Some prefer using functions that return int to indicate some errors or special cases. Consider this code:
int print (int* ptr)
{
if (ptr == NULL)
{
return -1; // Error code.
}
std::cout << *ptr;
return 1; // Success code.
}
when you use void, it means you don't want anything returned from the function.
while an int return may be a result of calculation in the function, or indicate the status when it returning, such as an error number or something else that can tell you what has happened when the function executing.
Like you heard above, void doesn't return value, so you use it when you don't need to do this.
For example, you can use 'void' not only to print text, but mainly to modificate a parameters (change something you already have), so you don't need to return a value.

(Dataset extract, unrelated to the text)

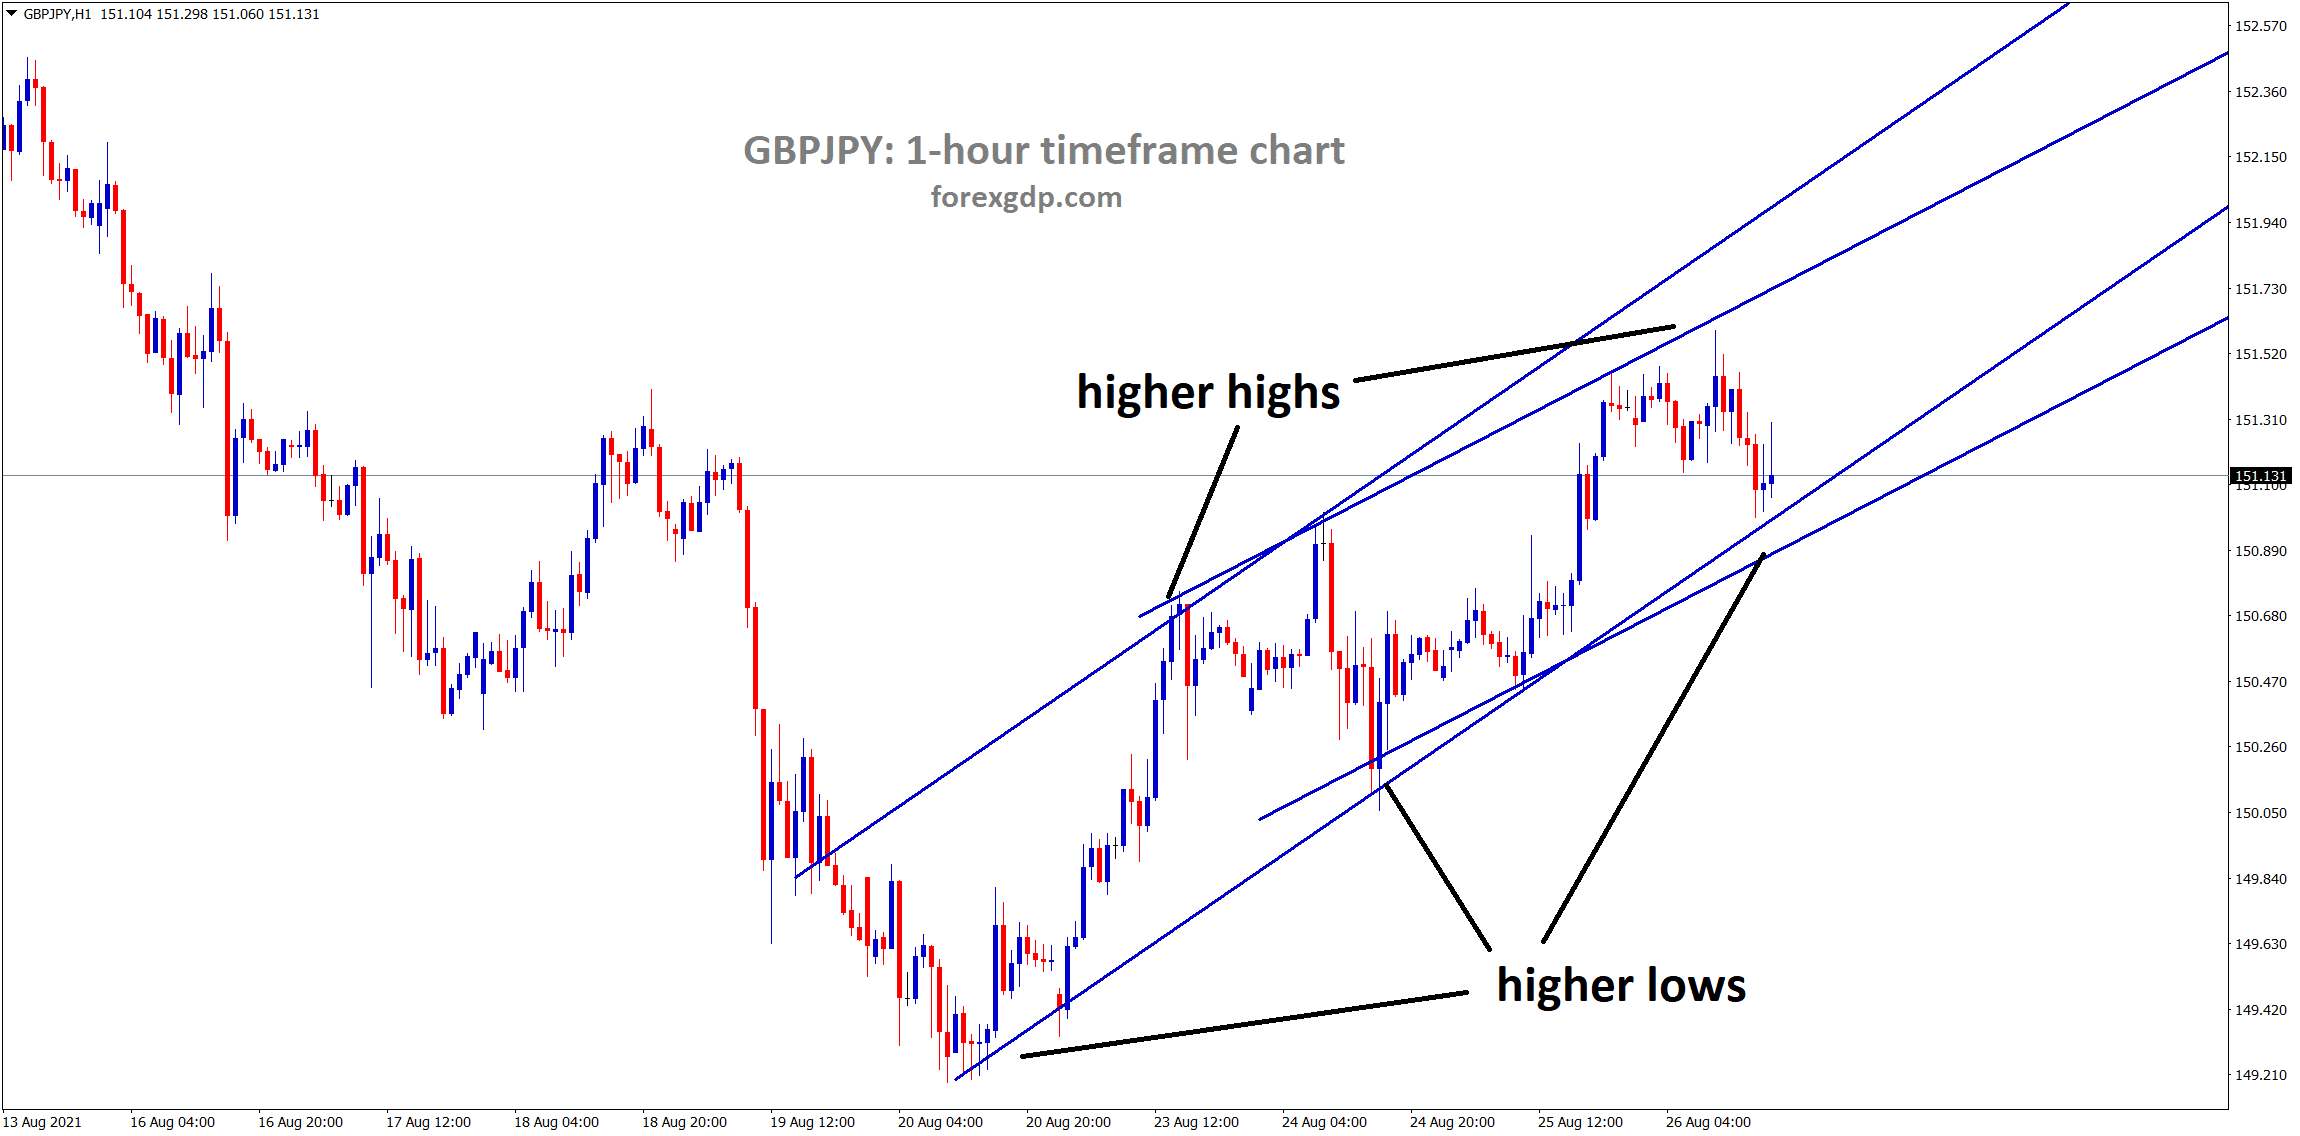 GBPJPY is moving in an uptrend line between the channel chart pattern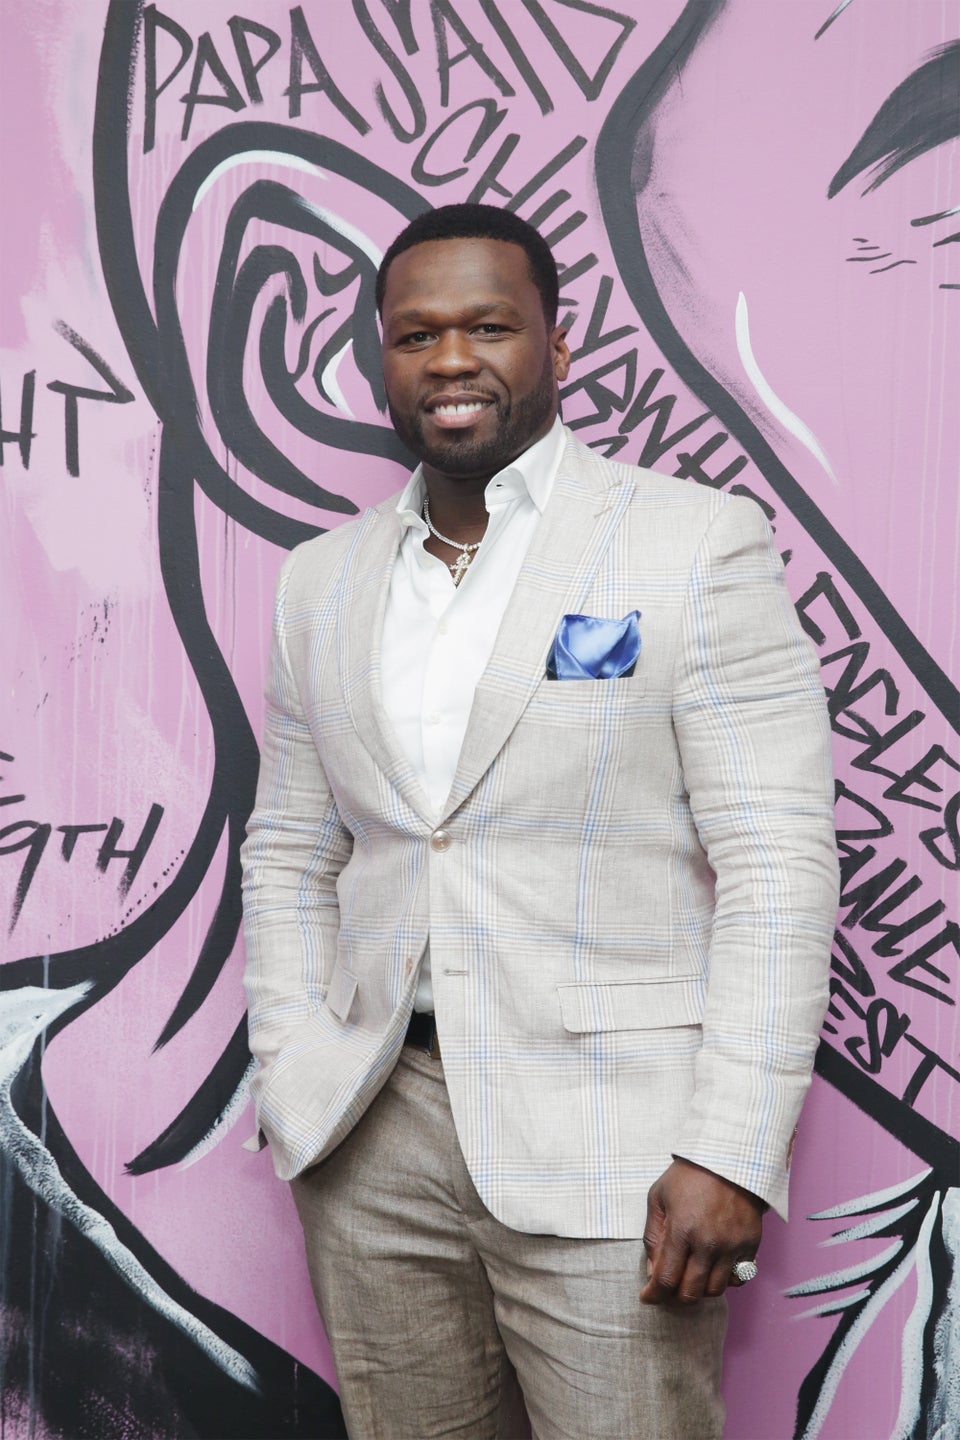 50 Cent Says He Would ‘Never Make Fun Of Any Sexual Assault Victim’ After Backlash Over Terry Crews Comments

Let's say you want to find int c , which is sum two (integer) numbers, a and b (so a+b=c). You can write a function which adds these numbers and assign it's value to c
int c;
int sum (int a, int b)
{
return a+b;
}
c = sum(a,b);
While using void, you will just modificate c, so instead of writing c = function(arguments) , you will have function(c) which modifies c, for example:
int c;
void sum(int a, int b, int c)
{
c = a+b;
}
sum(a,b,c);
After the last line, the 'c' you have is equal the sum of 'a' and 'b' :-)
You return void to indicate that nothing is returned.
An int return may or may not indicate that calculations have been performed (e.g. could just be a return code).
Another difference is that void function do not require to have a return inside it:
This 2 snippets of code are valid and do not generate a compiler warning:
Snippet 1
void msg1()
{
cout<< "This is a message." << endl;
return; // returns nothing or void
}
Snippet 2
void msg2()
{
cout<< "This is a message." << endl;
}
Both have the same behavior and no warning is displayed.
If you declare a function non void and you do not return a value your compiler is likely to display a WARNING like " warning: no return statement in function returning non-void".
It's depends on modifier parameters sent to compiler if this error is displayed or not.
This code is likey to display a compiler warning since no return :
int test(){
printf("test");
}
Actually,It is necessary if you are compiling your code for a hosted system, such as PC, Linux, Mac, Android. Then main must return int. If you are compiling code for a freestanding system, such as embedded microcontrollers, or if you are making an OS, then the return type of main can be anything.
Though no error will occur if you use int or void but its not compliance according to standard C.